• **DIRECTIONS**:
Starting at the line that contains "Black Friday offers in the mailbox 2022", transcribe every remaining line of the data below exactly, and omit all pictures.

• **DATA SECTION**:
-- Opening Marker --

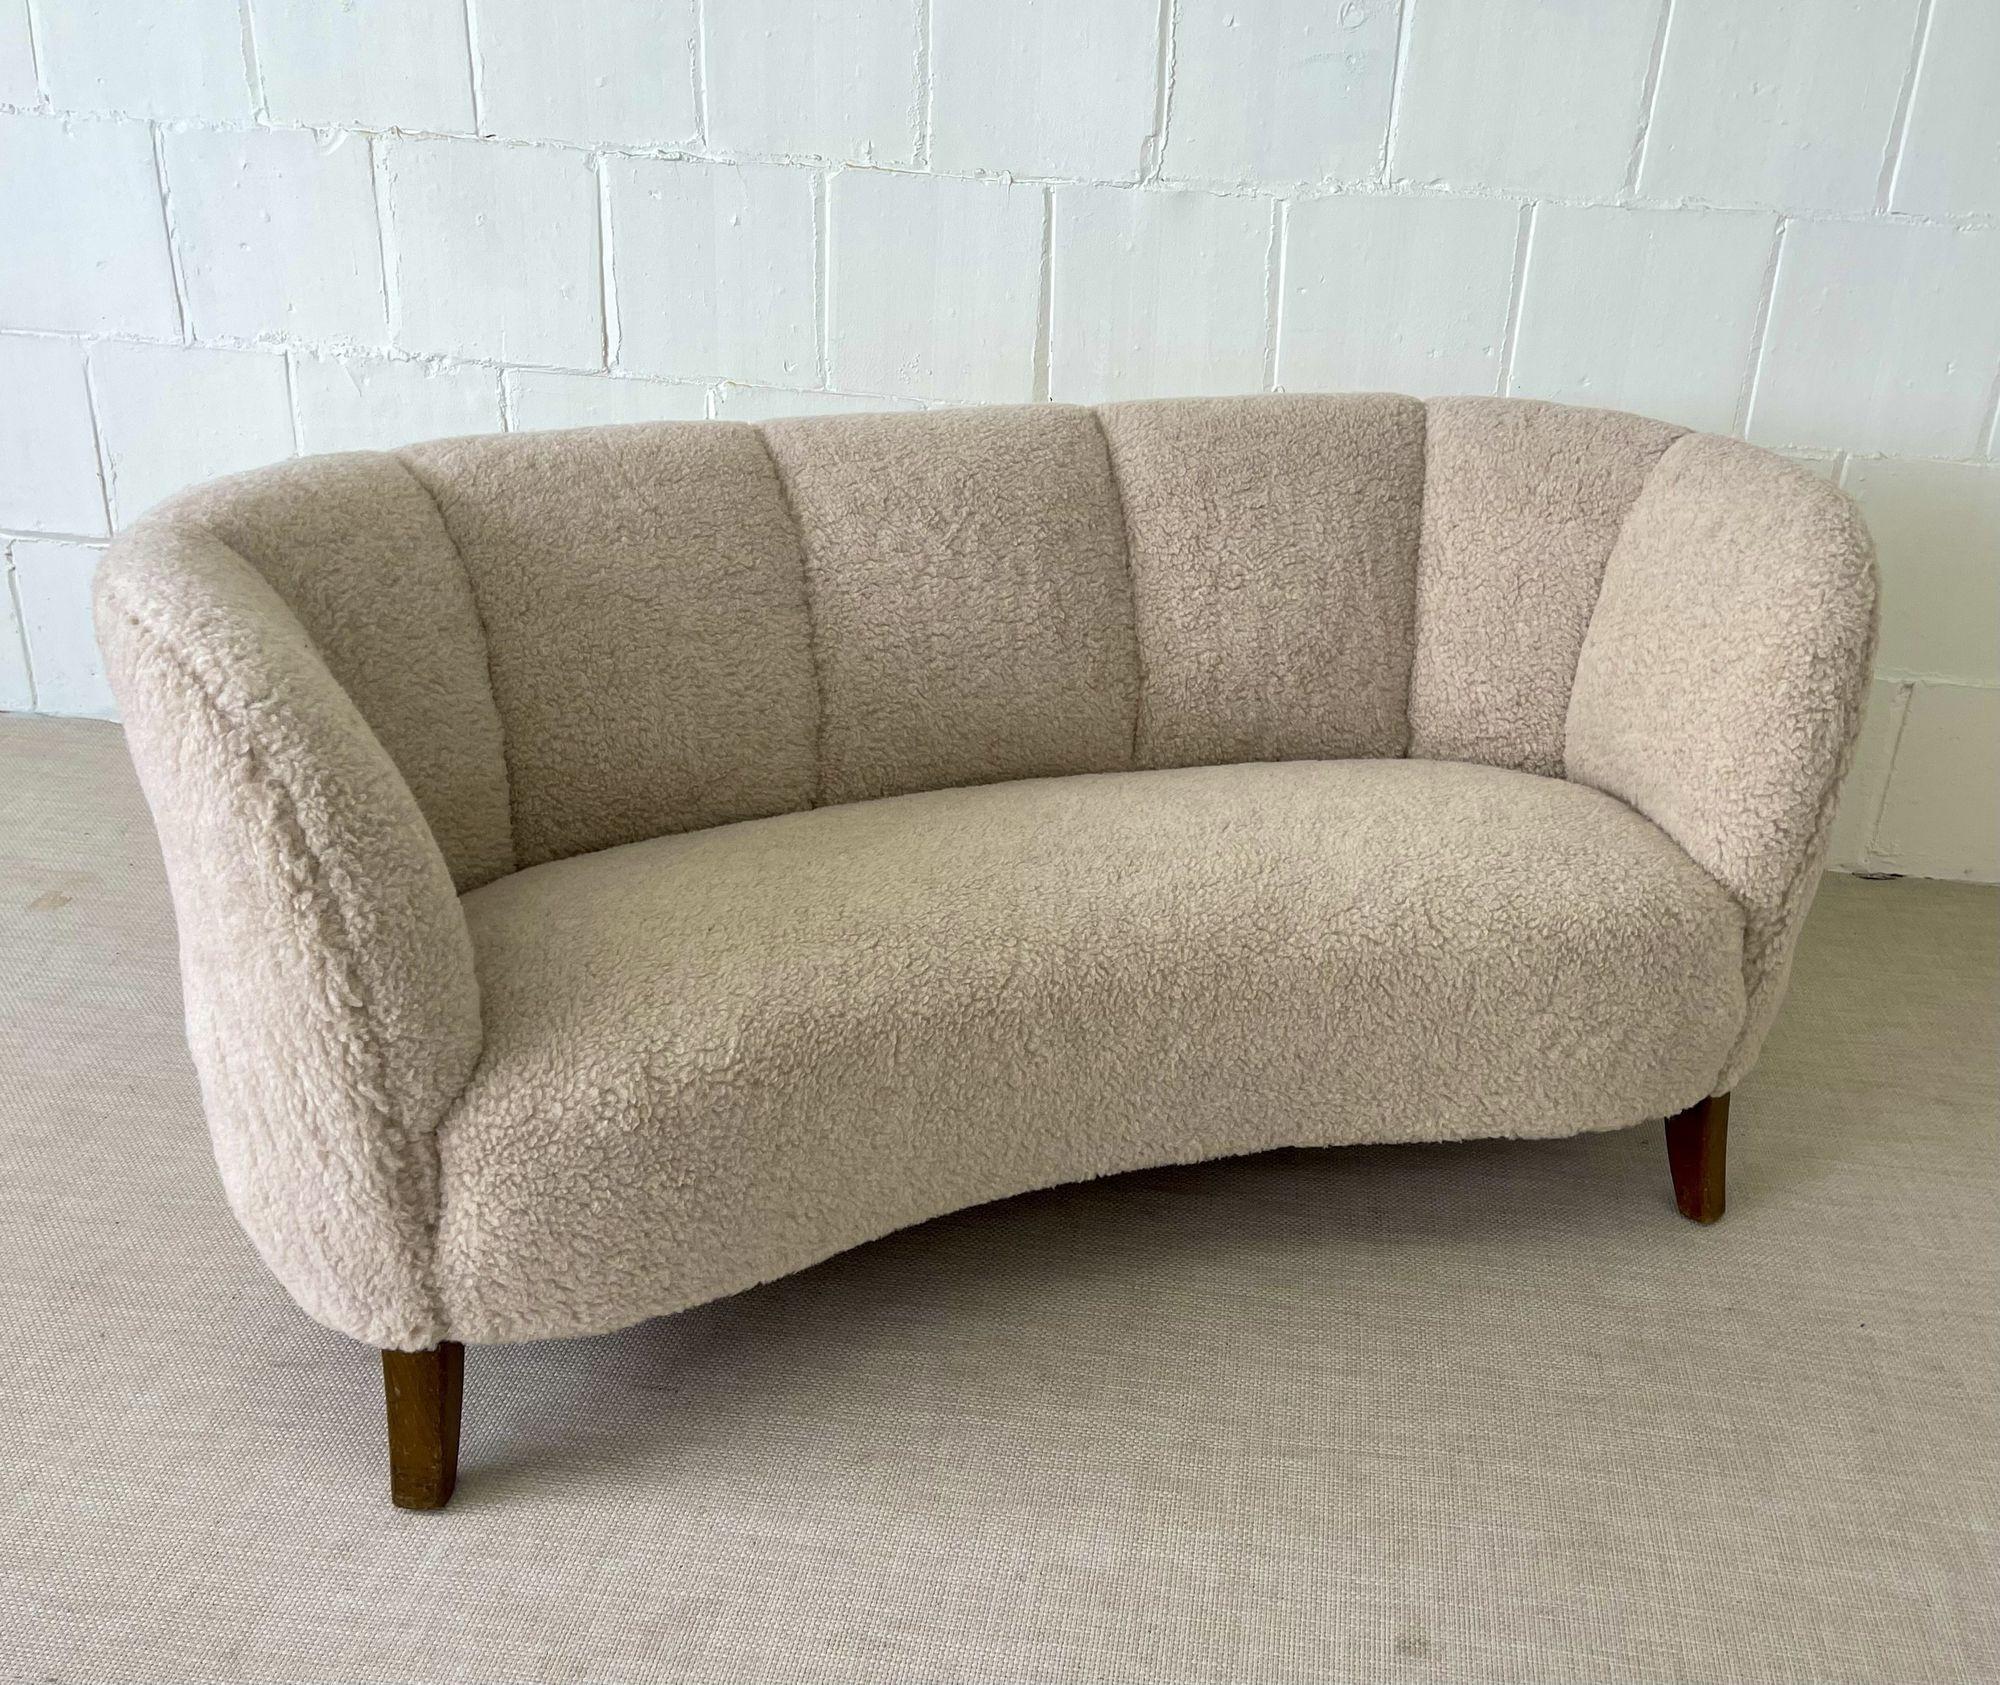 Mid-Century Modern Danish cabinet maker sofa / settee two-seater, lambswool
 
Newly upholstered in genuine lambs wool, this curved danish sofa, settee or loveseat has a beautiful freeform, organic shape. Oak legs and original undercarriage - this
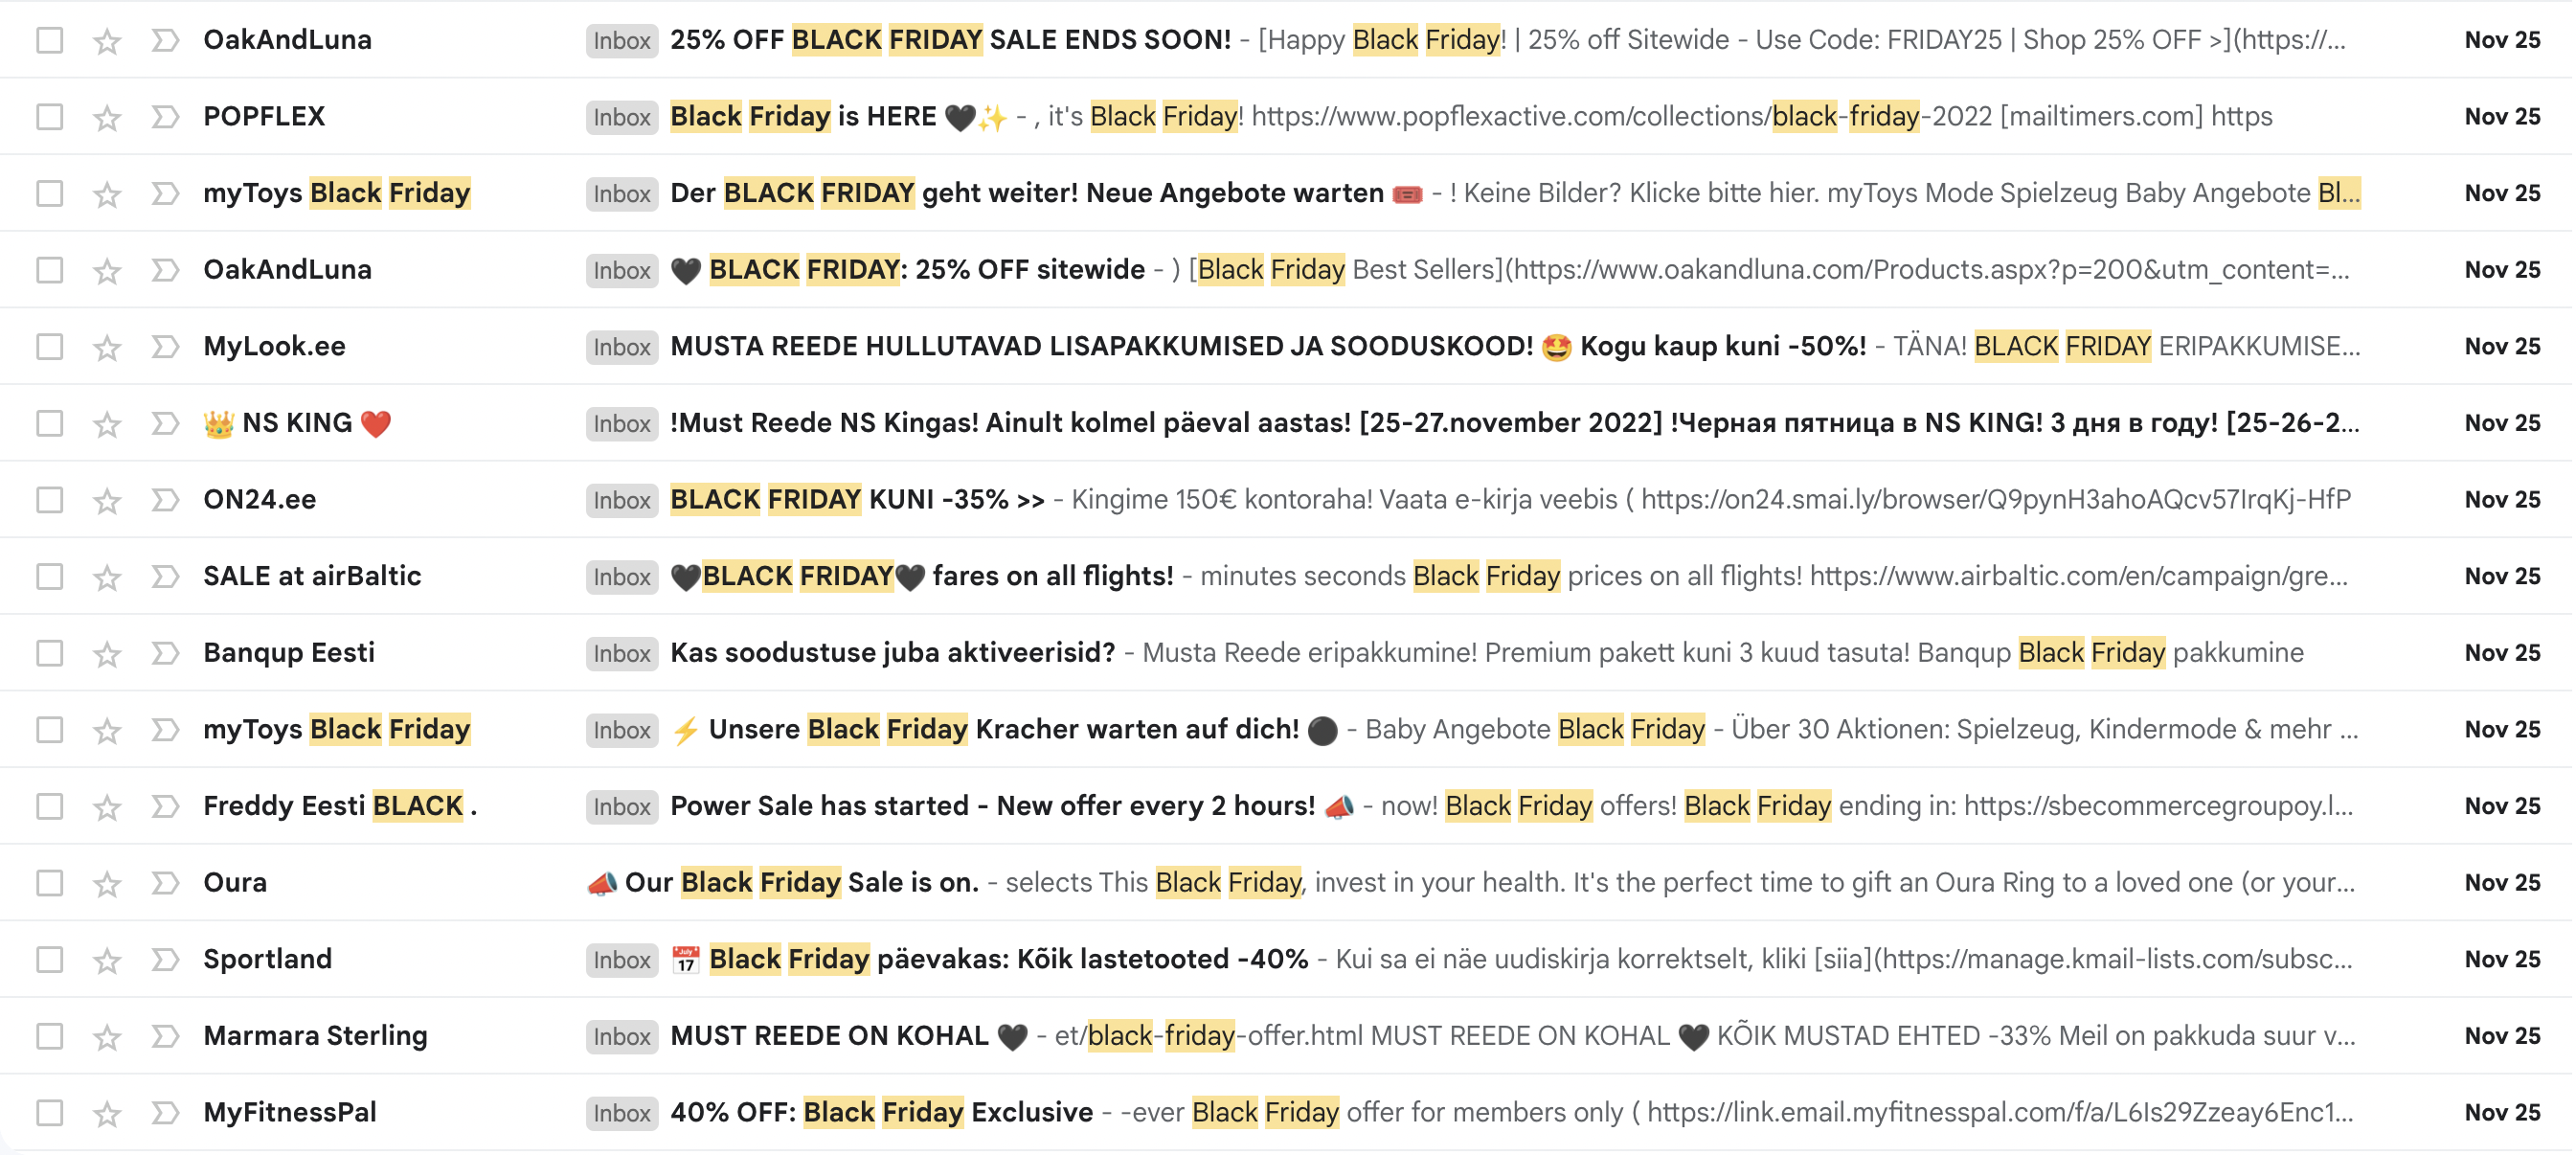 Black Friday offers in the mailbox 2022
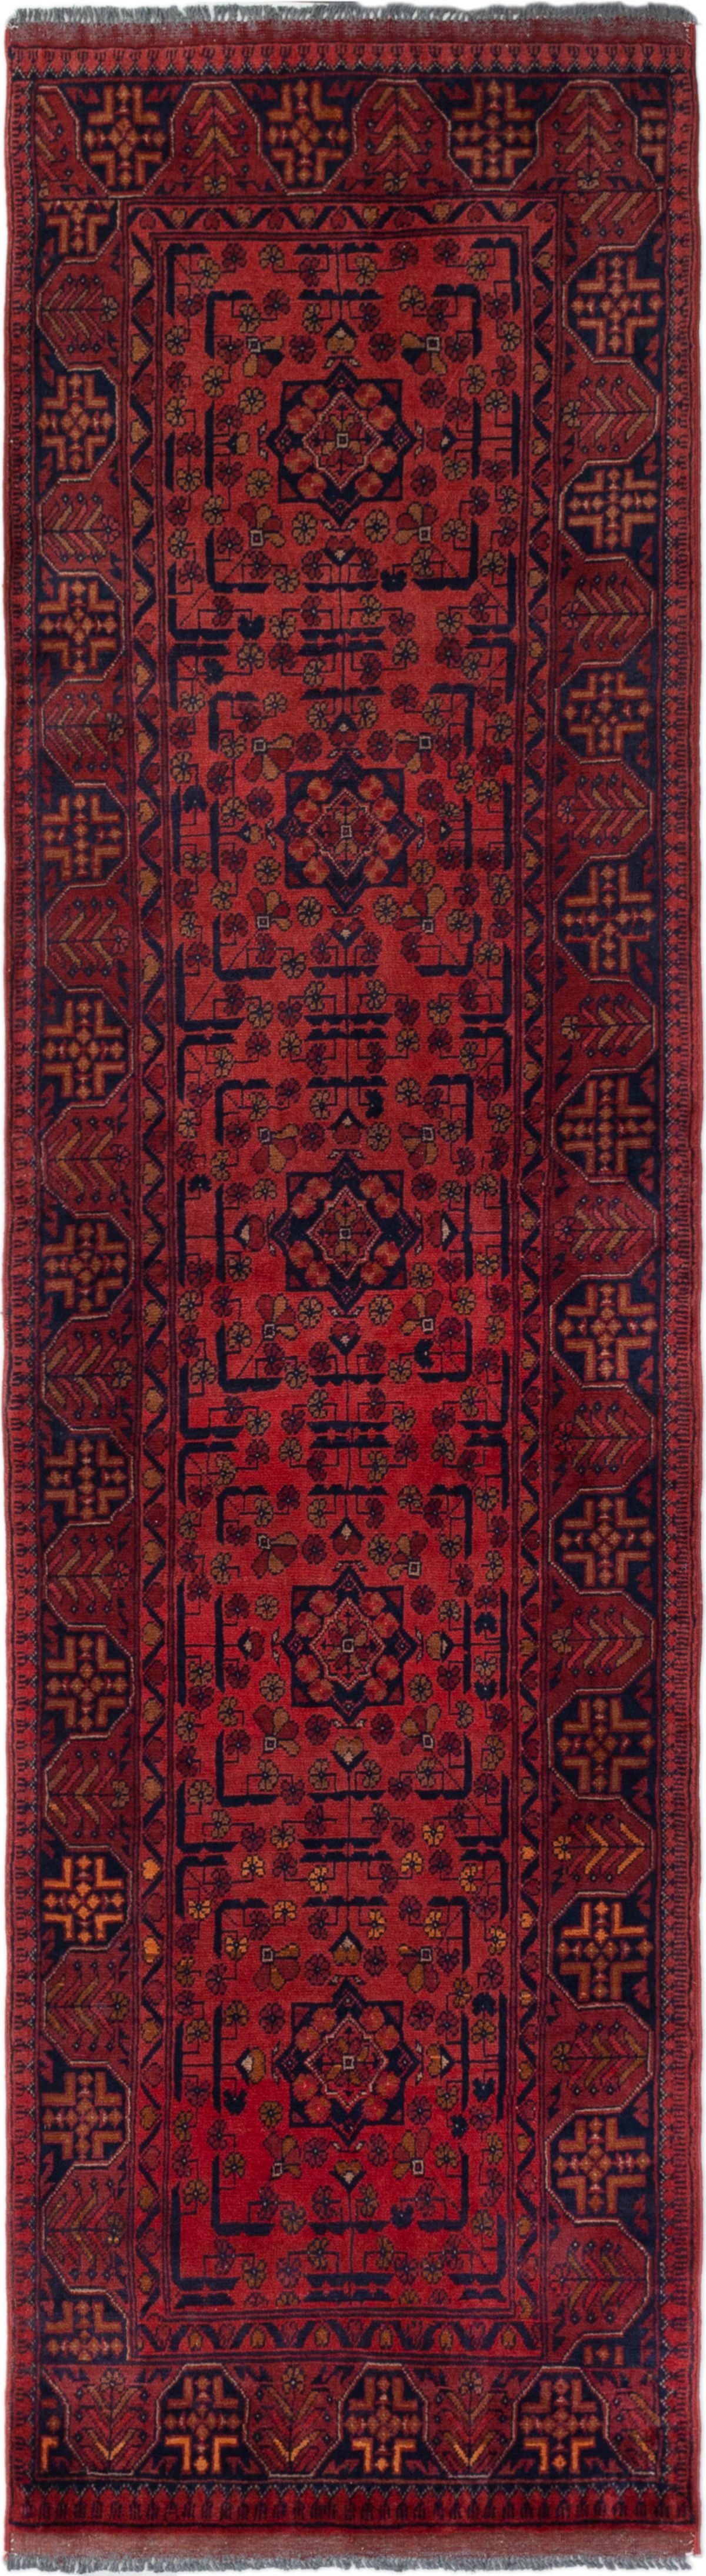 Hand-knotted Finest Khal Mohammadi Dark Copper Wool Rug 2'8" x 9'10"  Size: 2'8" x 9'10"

-- Closing Marker --

• **RESPONSE TO THE TASK**:
 Black Friday offers in the mailbox 2022
 Hand-knotted Finest Khal Mohammadi Dark Copper Wool Rug 2'8" x 9'10"  Size: 2'8" x 9'10"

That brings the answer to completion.